* [Data to use]:
● ● ●

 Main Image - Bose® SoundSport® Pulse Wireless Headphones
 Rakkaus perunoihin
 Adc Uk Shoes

● ● ●

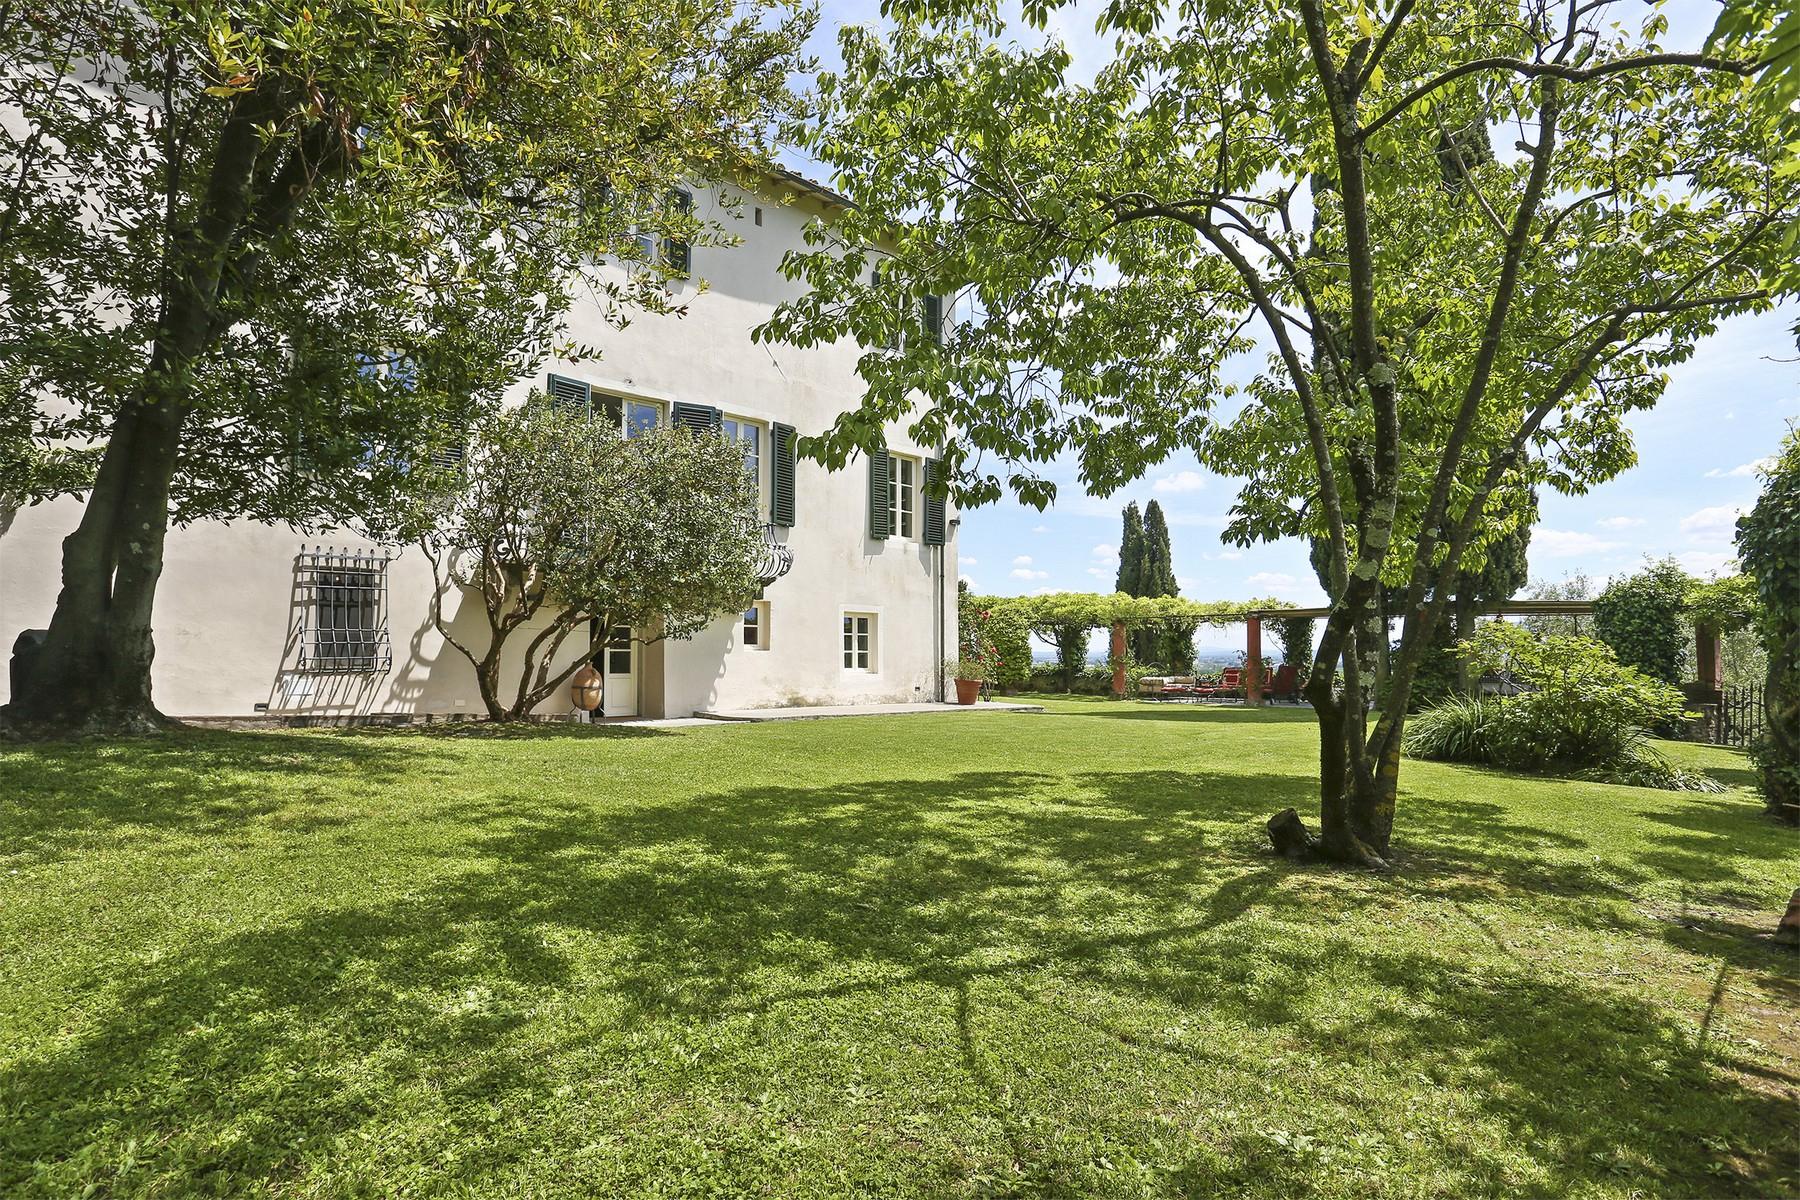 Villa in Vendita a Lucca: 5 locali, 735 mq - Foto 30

● ● ●

From the line holding "Main Image - Bose®" to the line holding "Adc Uk Shoes", inclusive, restate each line above exactly as written.

 Main Image - Bose® SoundSport® Pulse Wireless Headphones
 Rakkaus perunoihin
 Adc Uk Shoes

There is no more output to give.